■ Source material
● ● ● ● ●

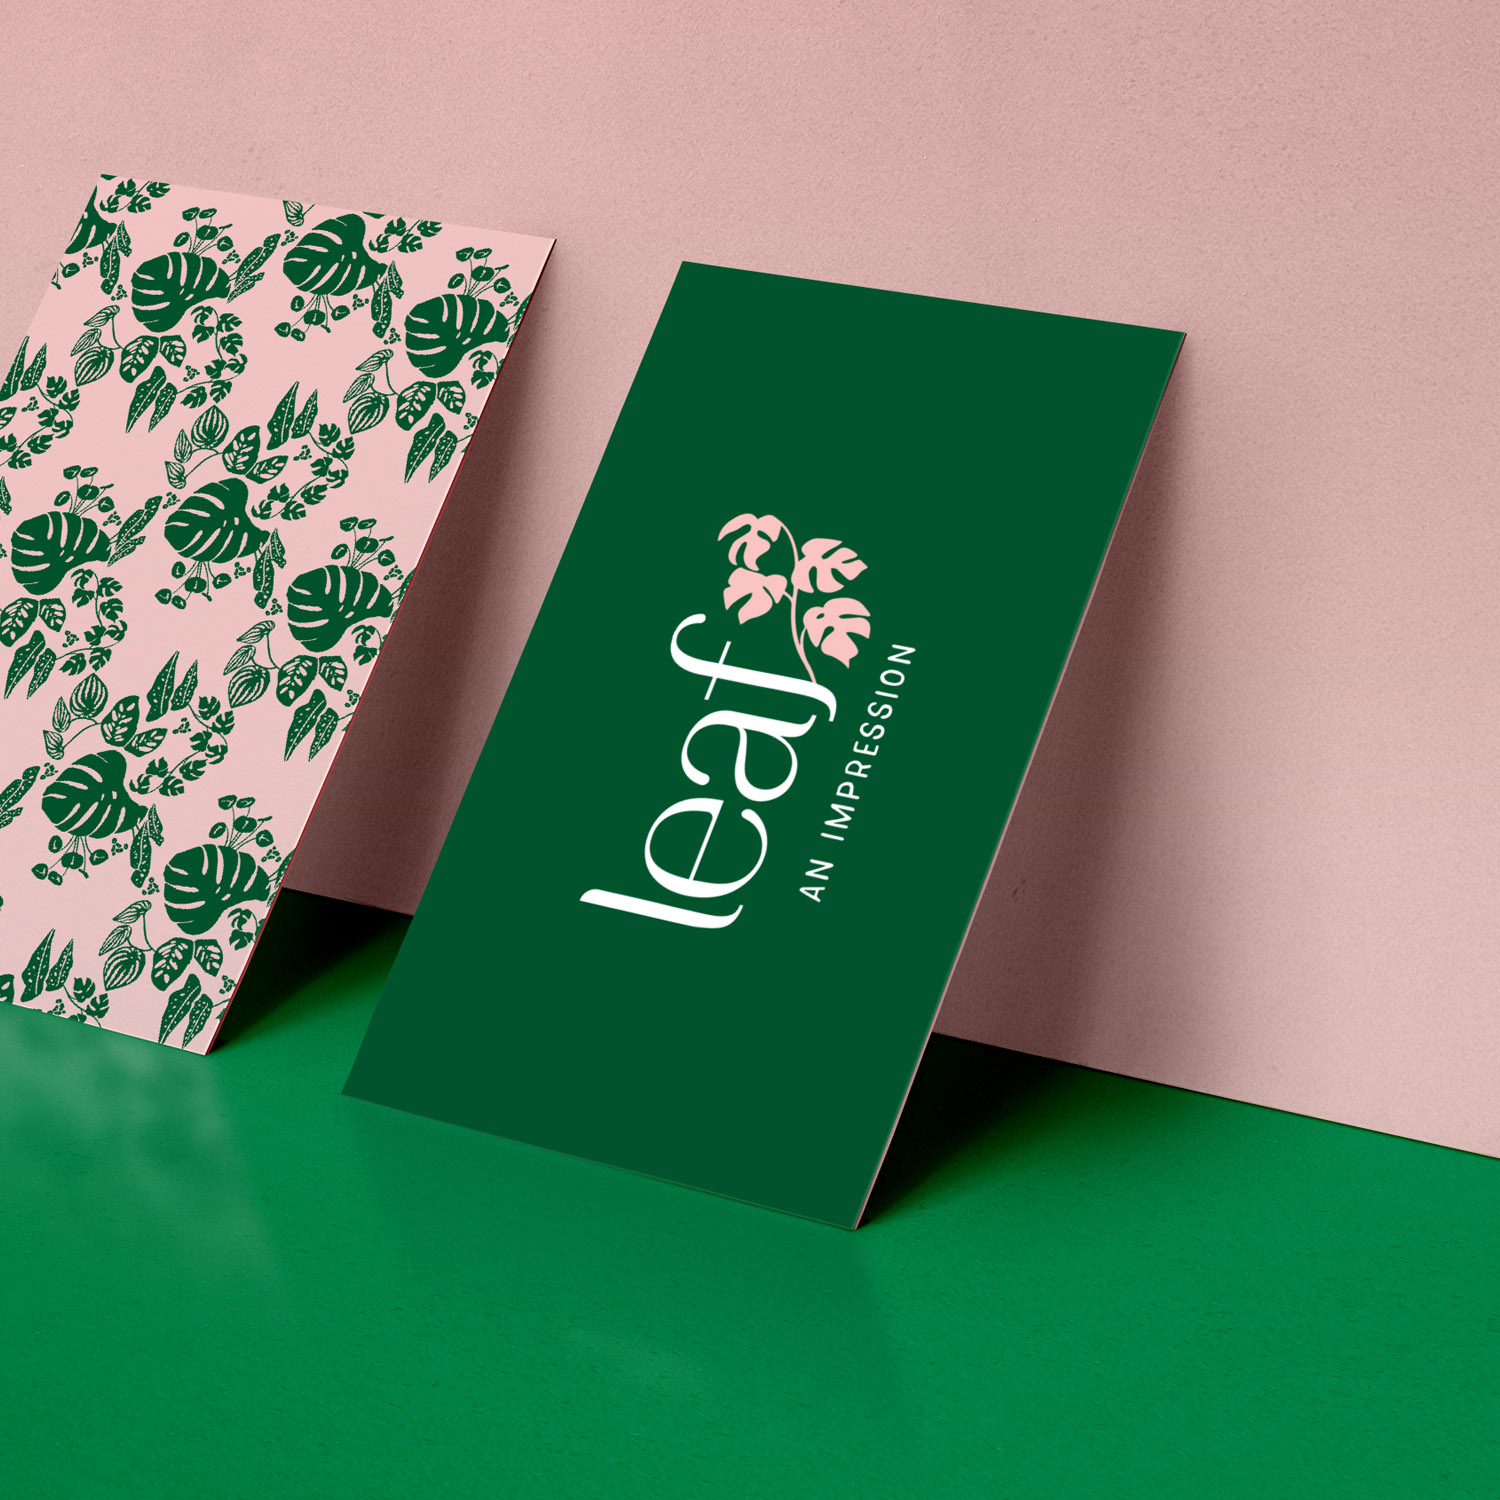 Leaf An Impression brand identity by Leysa Flores Design
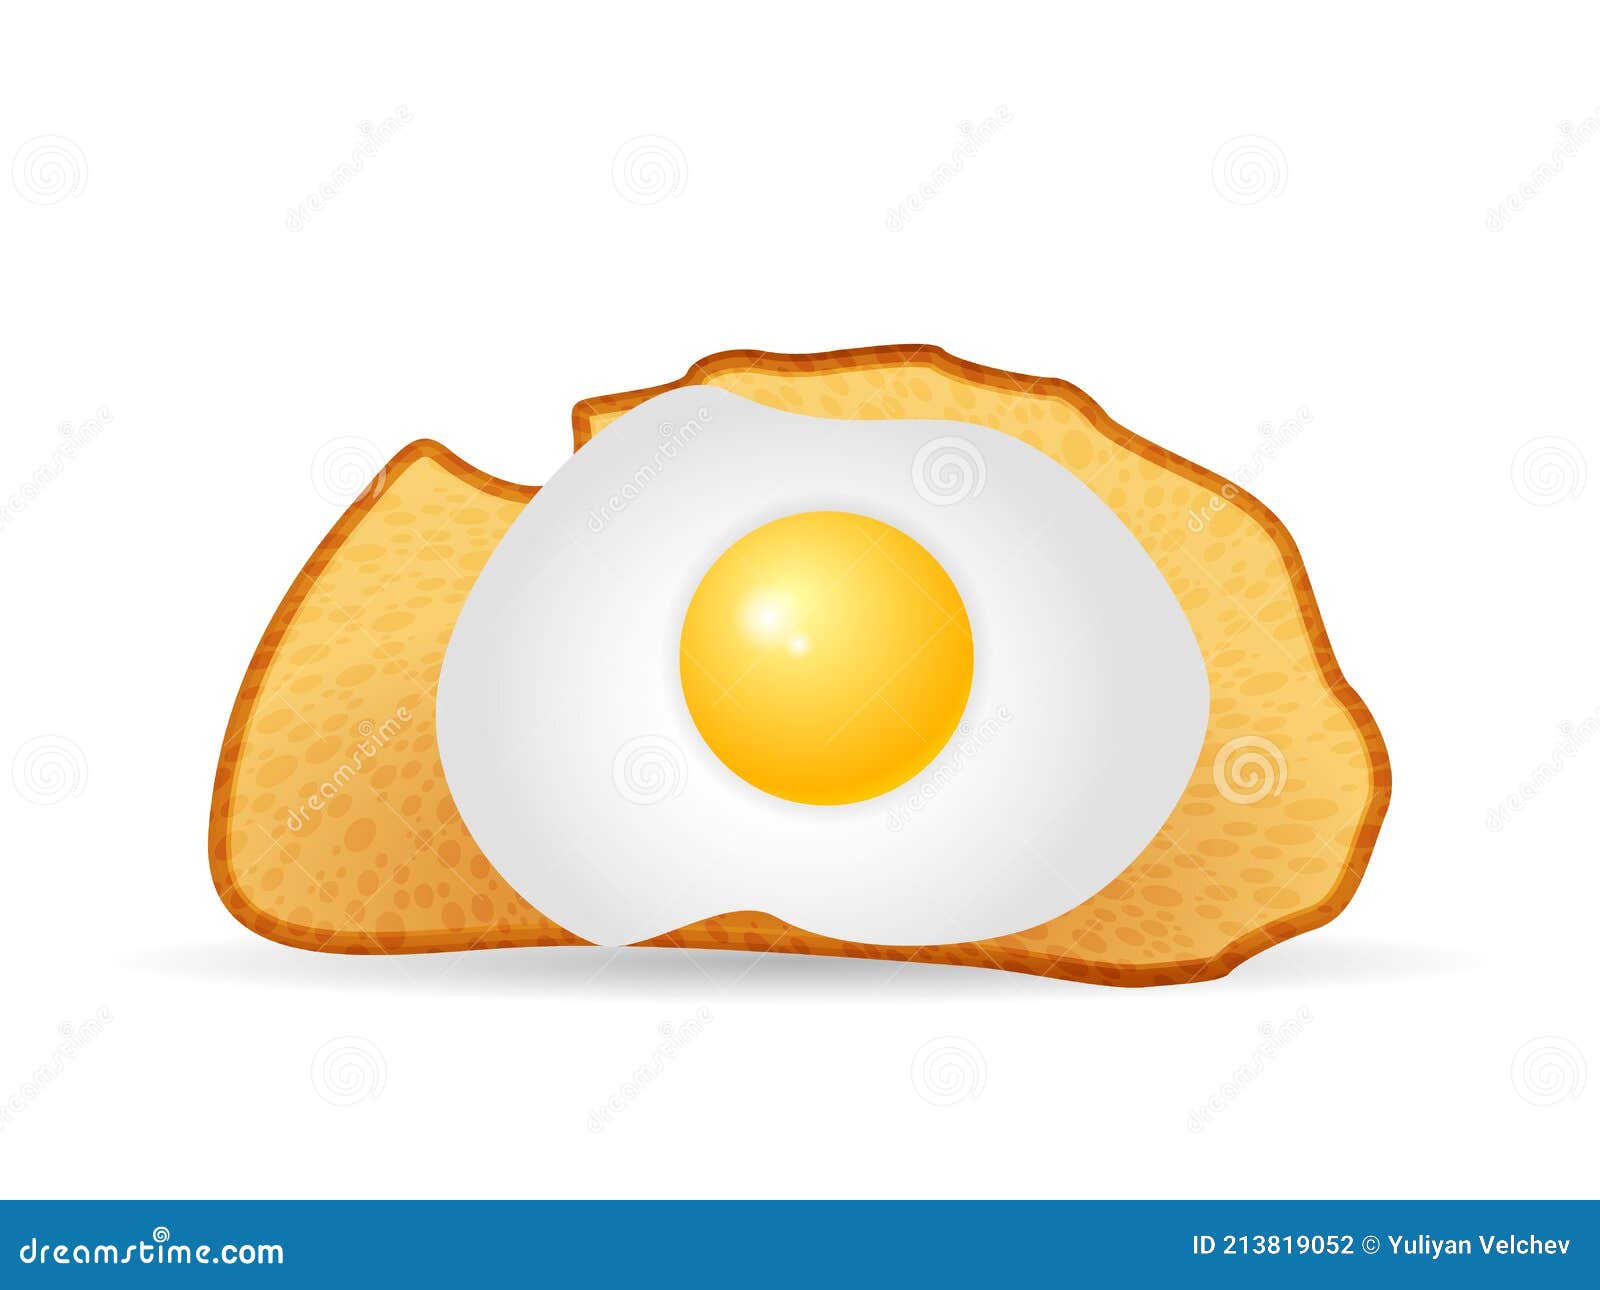 平底鍋煎雞蛋卡通png文件, 蛋, 吃, 菜單PNG去背圖片素材免費下載，免摳圖設計圖案下載 - Pngtree
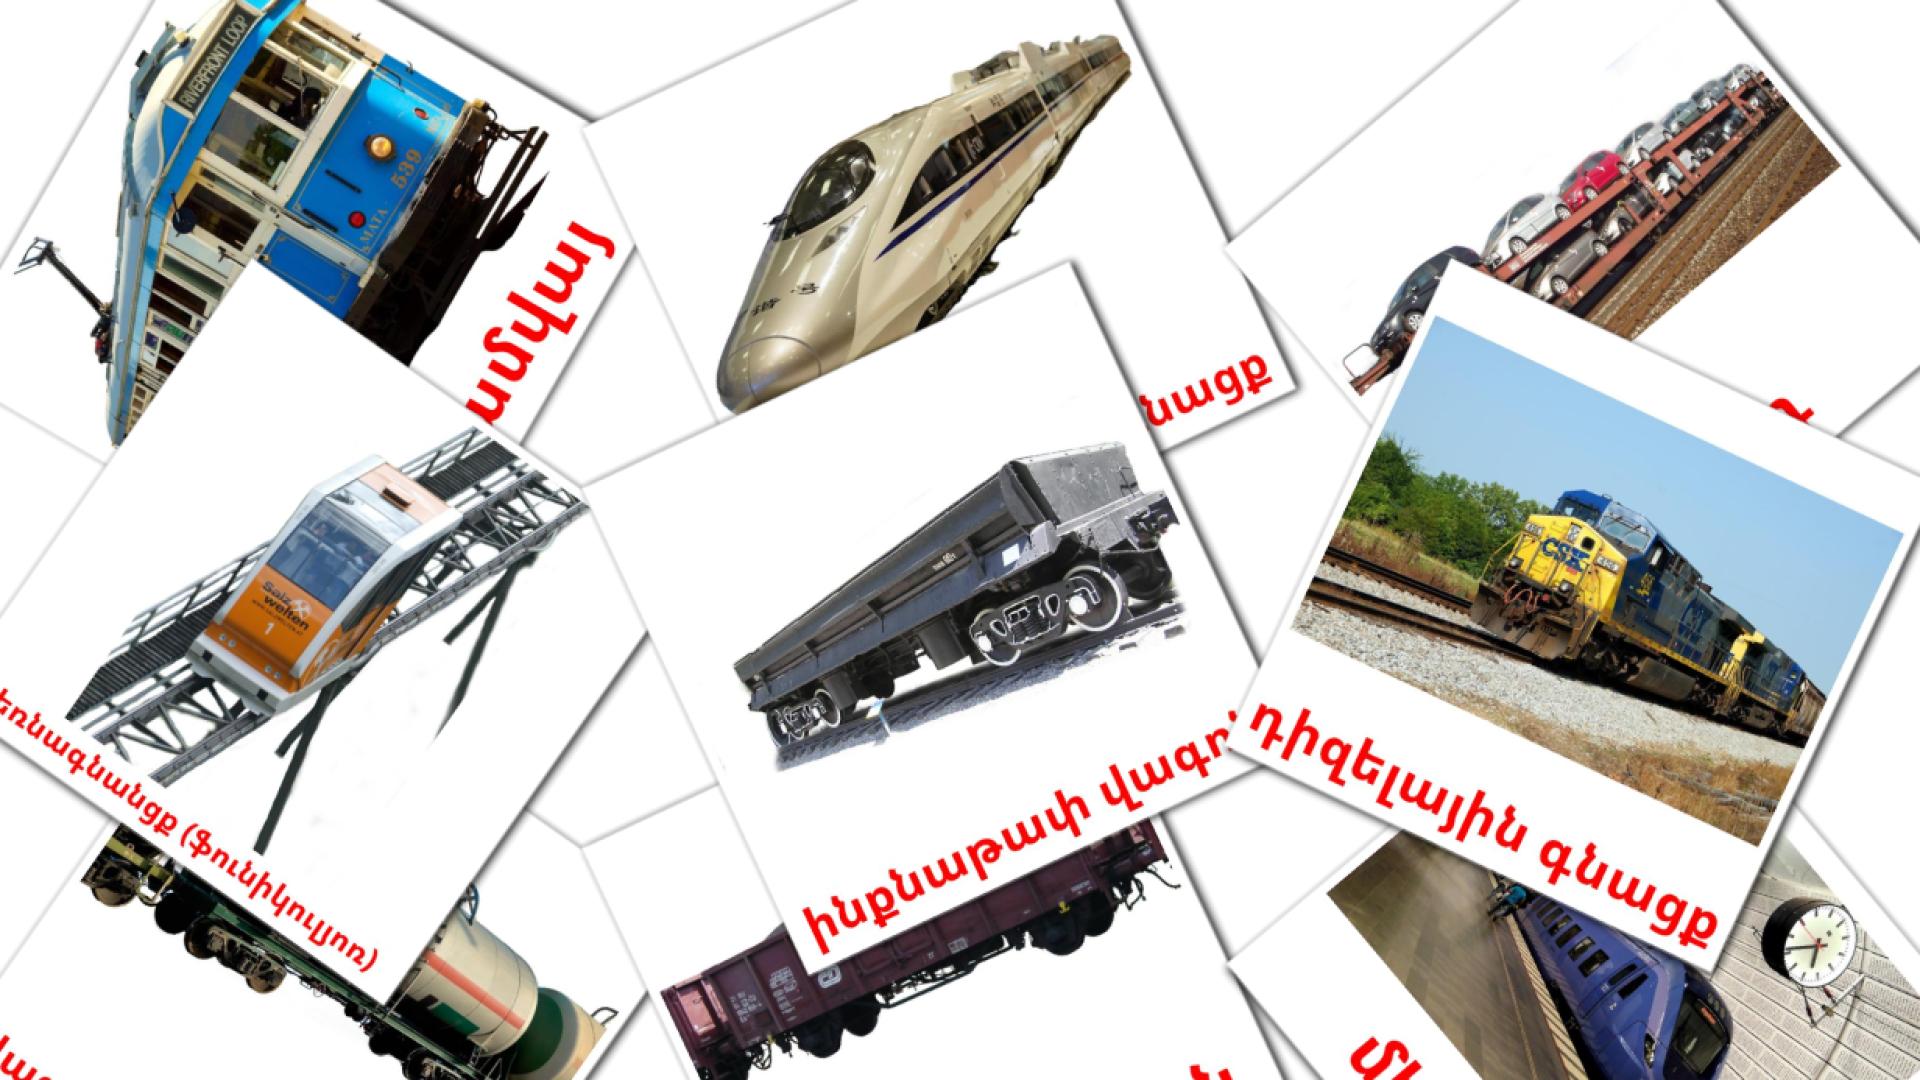 Schienenfahrzeug - Armenisch Vokabelkarten

● ● ● ● ●

■ Work instructions
Copy the listing exactly, omitting pictures.

■ Response to the exercise
 Leaf An Impression brand identity by Leysa Flores Design
 平底鍋煎雞蛋卡通png文件, 蛋, 吃, 菜單PNG去背圖片素材免費下載，免摳圖設計圖案下載 - Pngtree
 Schienenfahrzeug - Armenisch Vokabelkarten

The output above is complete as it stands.